What is the difference between pyspark.pandas to pandas?-CodePudding

Starting to use PySpark on Databricks, and I see I can import pyspark.pandas alongside pandas. What is the different? I assume it's not like koalas, right?

CodePudding user response：

PySpark is an interface for Apache Spark in Python. It allows you to write Spark applications using Python and provides the PySpark shell to analyze data in a distributed environment. Pyspark.pandas is an API that allows you to use pandas functions and operations on "spark data frames".

Koalas is another library developed by Databricks that allows running pandas-like operations on spark data.

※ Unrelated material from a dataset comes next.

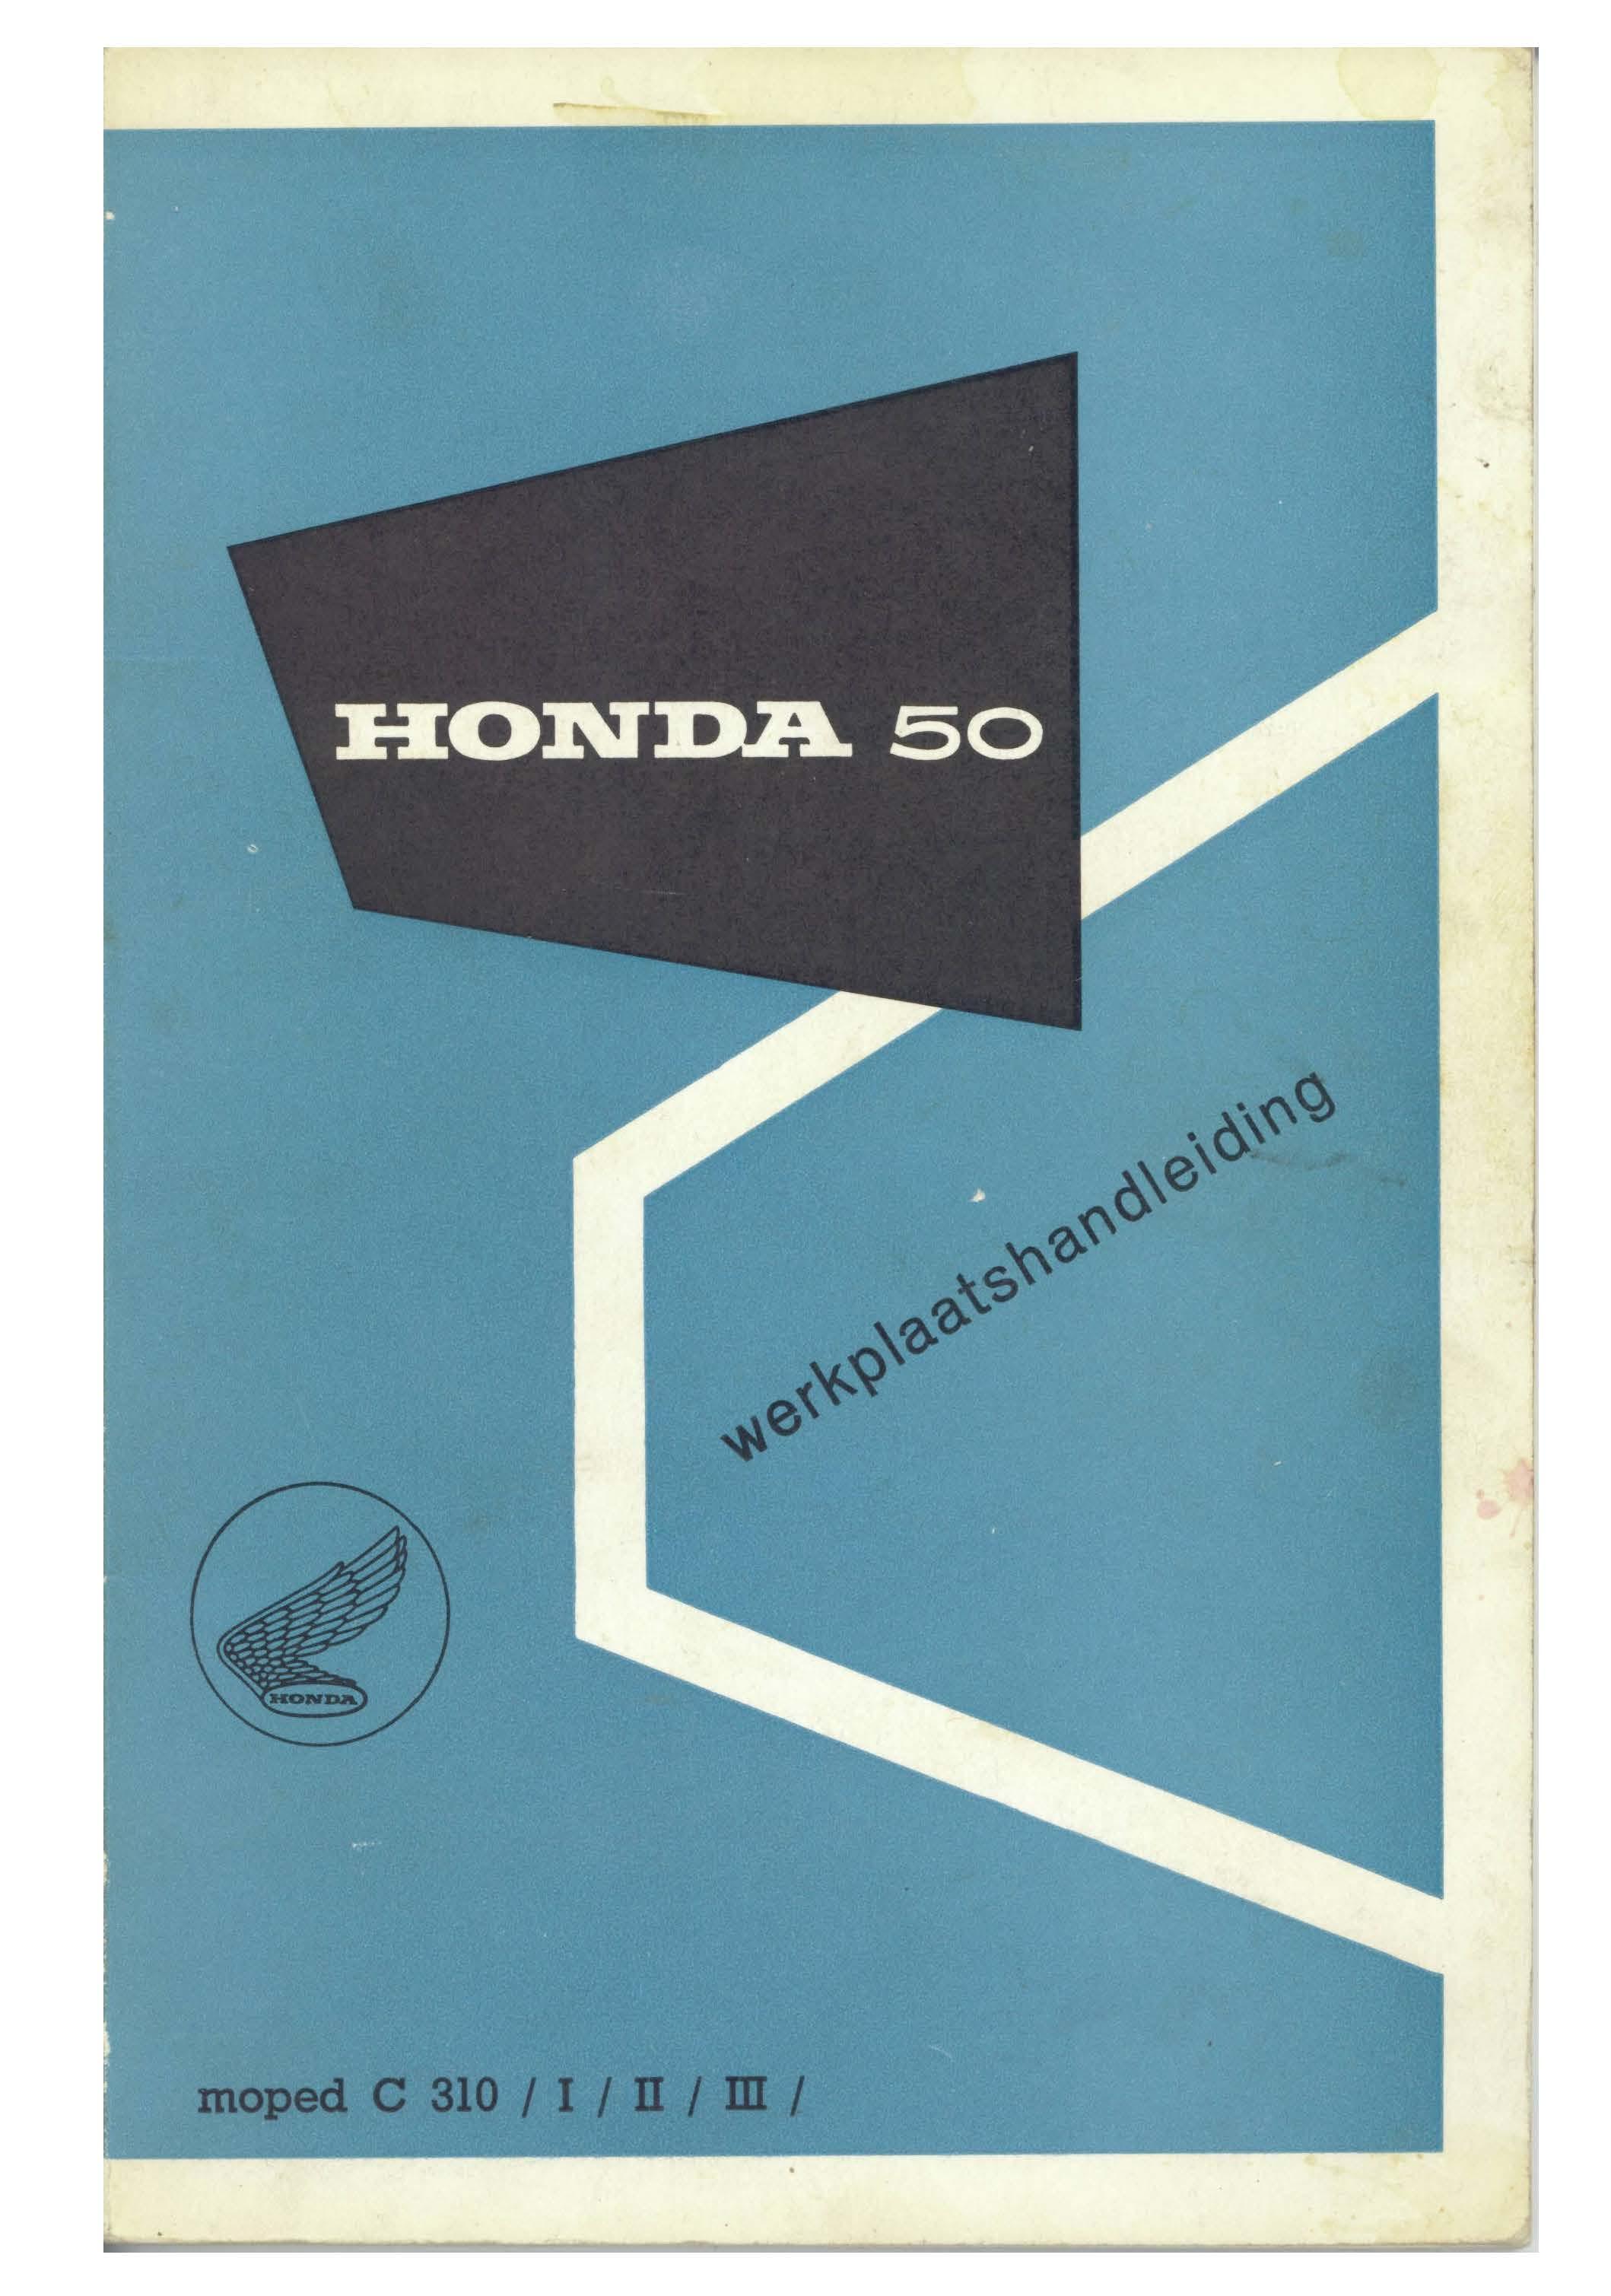 Workshop manual for Honda C310A (Mk. 1, 2 and 3)
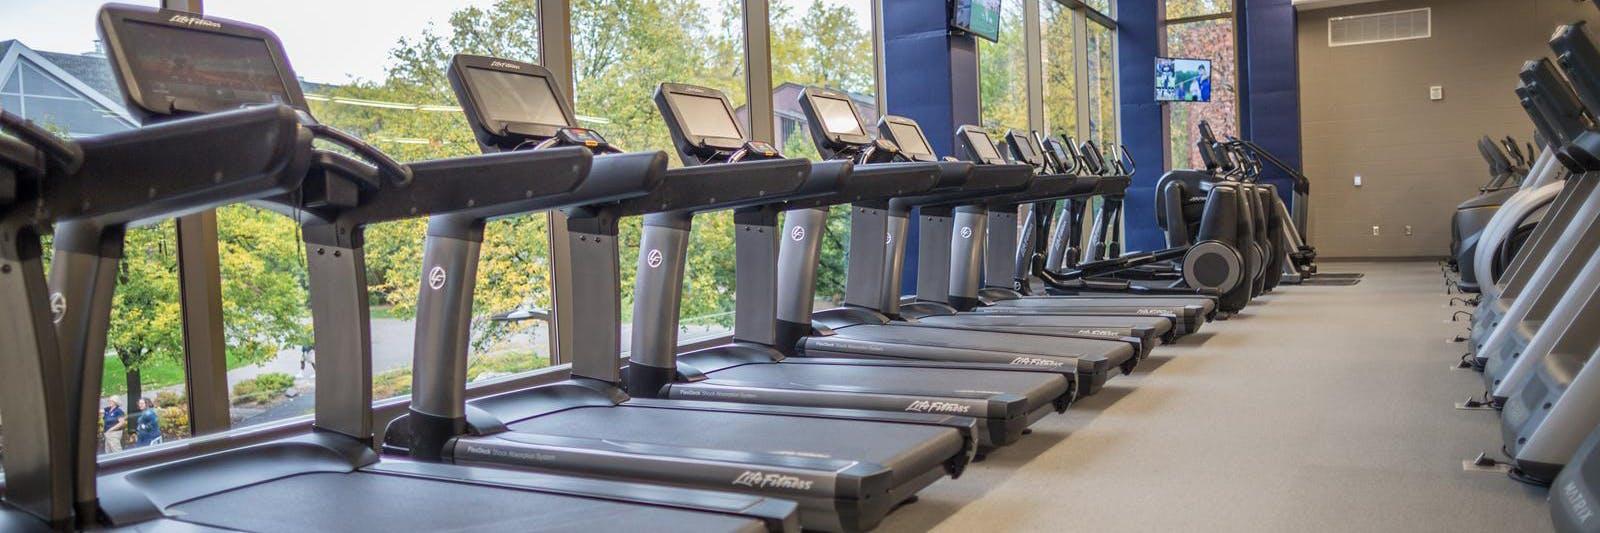 Wellness Center Empty Treadmills

This blog show some differences between pyspark.pandas and pyspark: https://towardsdatascience.com/run-pandas-as-fast-as-spark-f5eefe780c45

Pyspark.pandas documentation is of course a reference: https://spark.apache.org/docs/3.3.0/api/python/reference/pyspark.pandas/index.html

CodePudding user response：

pyspark.pandas is an alternative to pandas, with the same api than pandas. This means you can work with pyspark exactly the same as you work with pandas

for example, to create a dataframe, you use .DataFrame same as with pandas, and use .iloc or .drop_duplicates :

import pyspark.pandas as ps
df = ps.DataFrame({'a': [1, 2], 'b':[3, 4]})
df.sort_valyes('b')

df1 = ps.read_csv('data.csv') 
df1.sort_values(by="date")

also, you can convert the pyspark dataframe to pandas dataframe:

df.to_pandas() #return pandas dataframe